*** Material provided ***

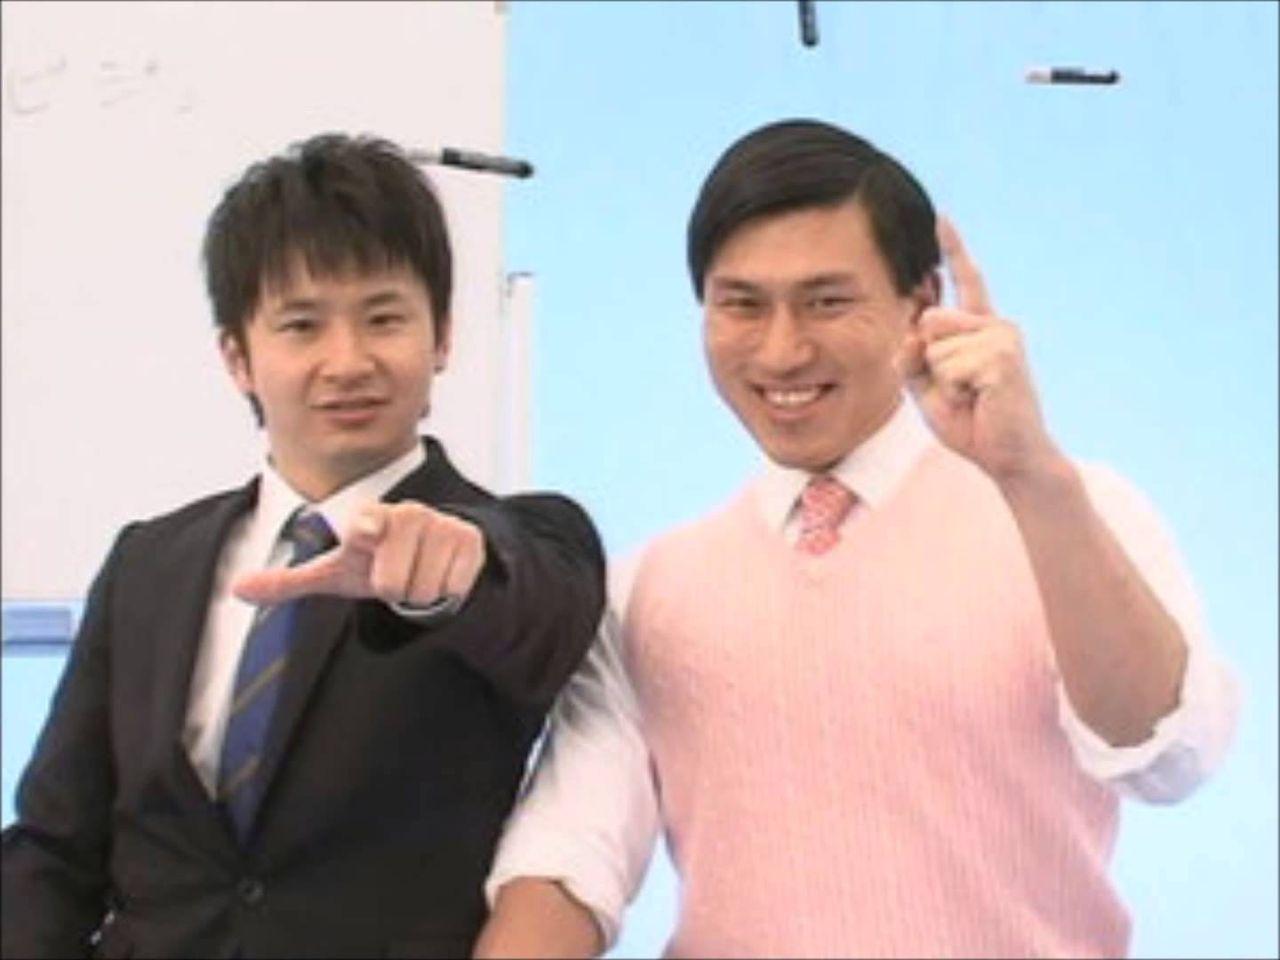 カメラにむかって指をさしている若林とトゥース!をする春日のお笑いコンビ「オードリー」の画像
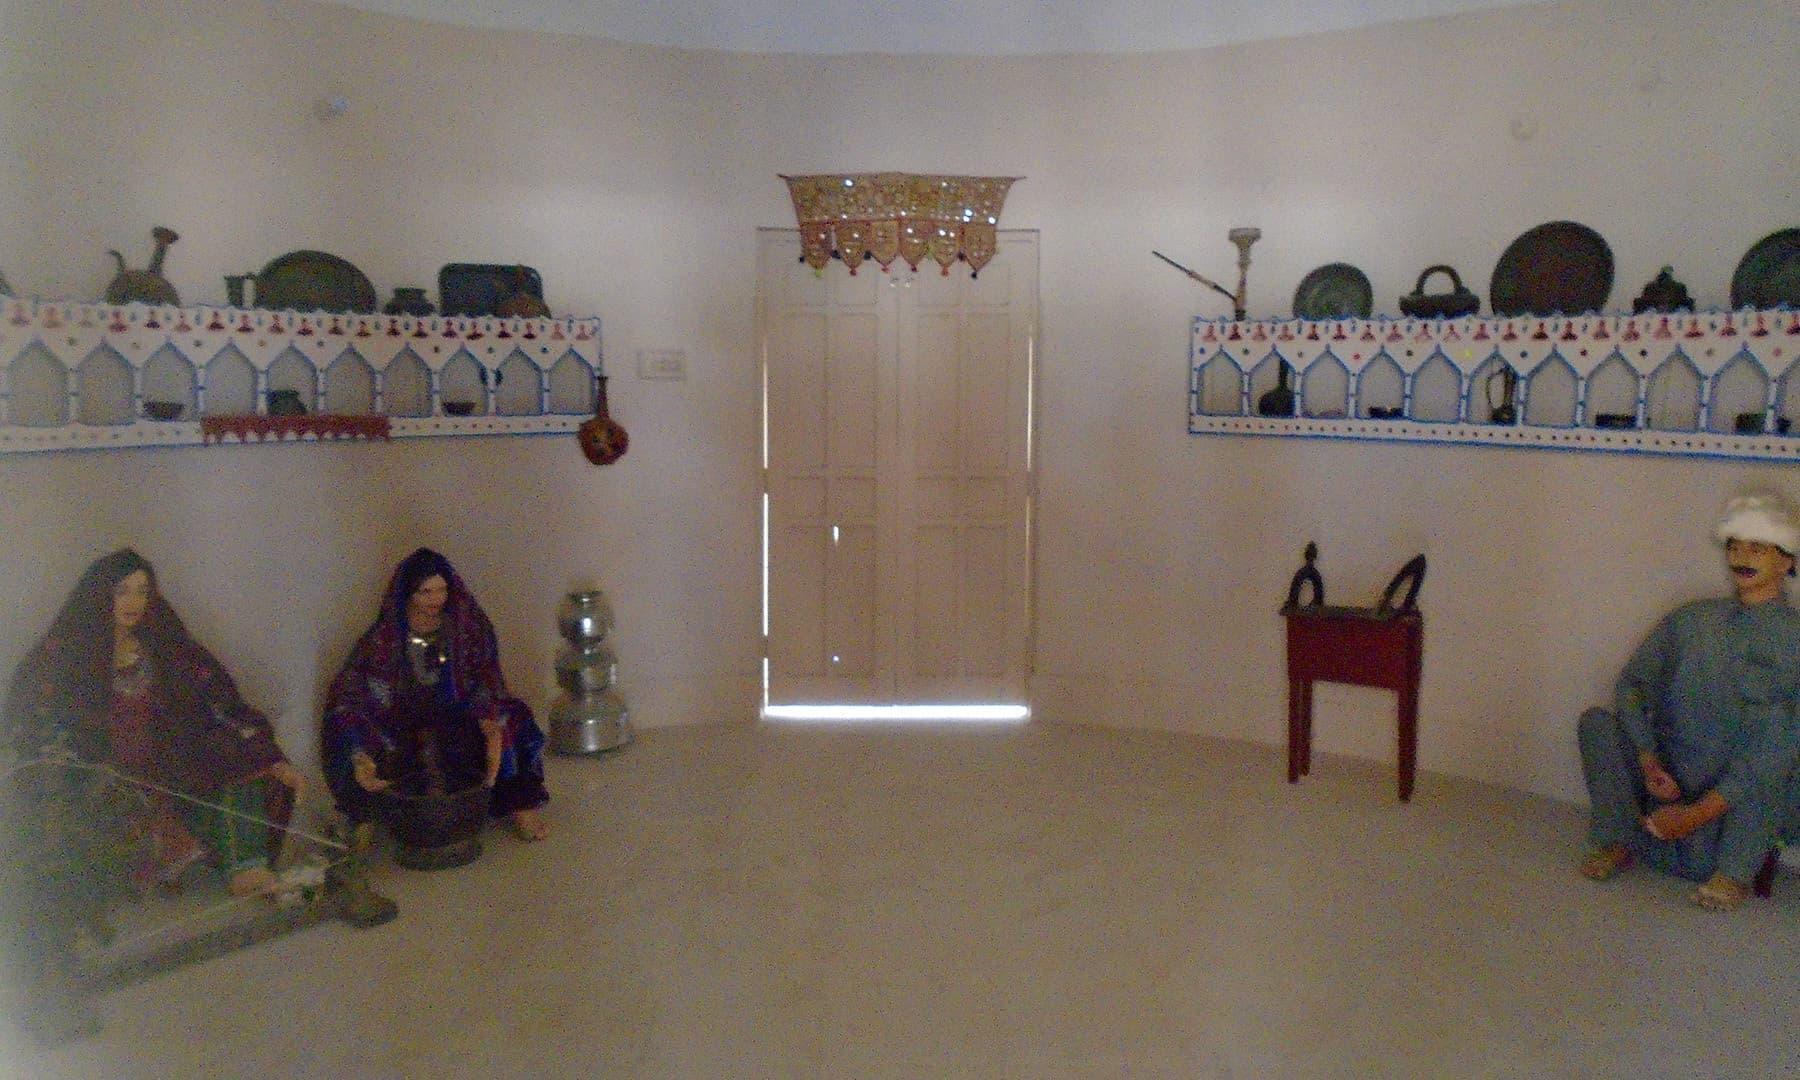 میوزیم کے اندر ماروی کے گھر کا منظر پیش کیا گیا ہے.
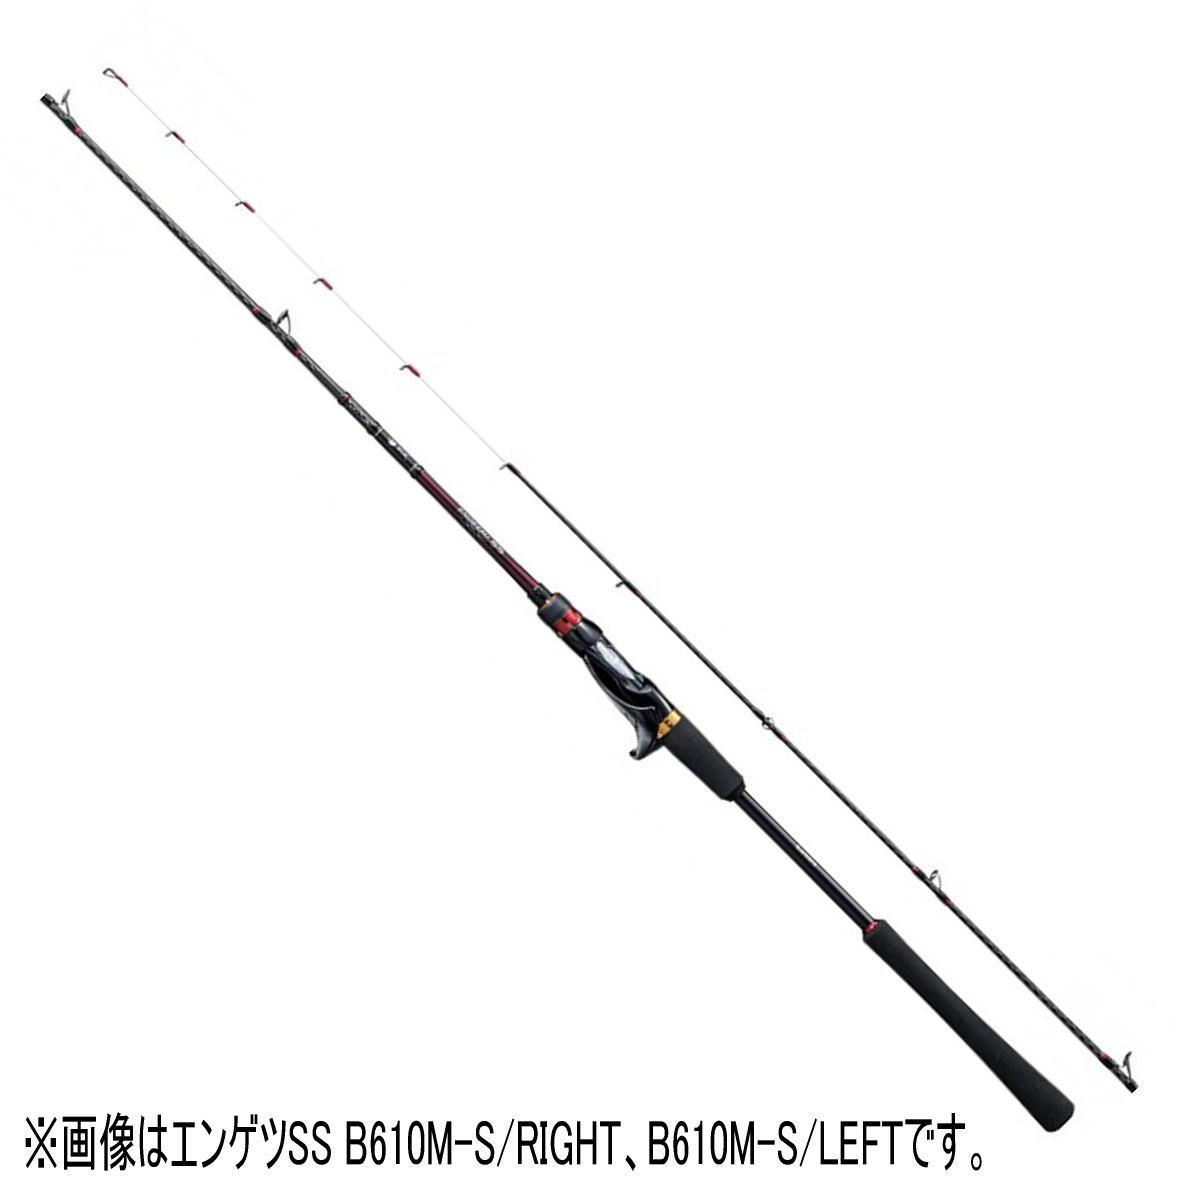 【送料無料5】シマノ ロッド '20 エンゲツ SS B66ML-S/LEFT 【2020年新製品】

*** End of Material provided ***

Work order = Please repeat all of the data exactly as it stands, leaving the pictures out.

Output for this task =
 カメラにむかって指をさしている若林とトゥース!をする春日のお笑いコンビ「オードリー」の画像
 میوزیم کے اندر ماروی کے گھر کا منظر پیش کیا گیا ہے.
 【送料無料5】シマノ ロッド '20 エンゲツ SS B66ML-S/LEFT 【2020年新製品】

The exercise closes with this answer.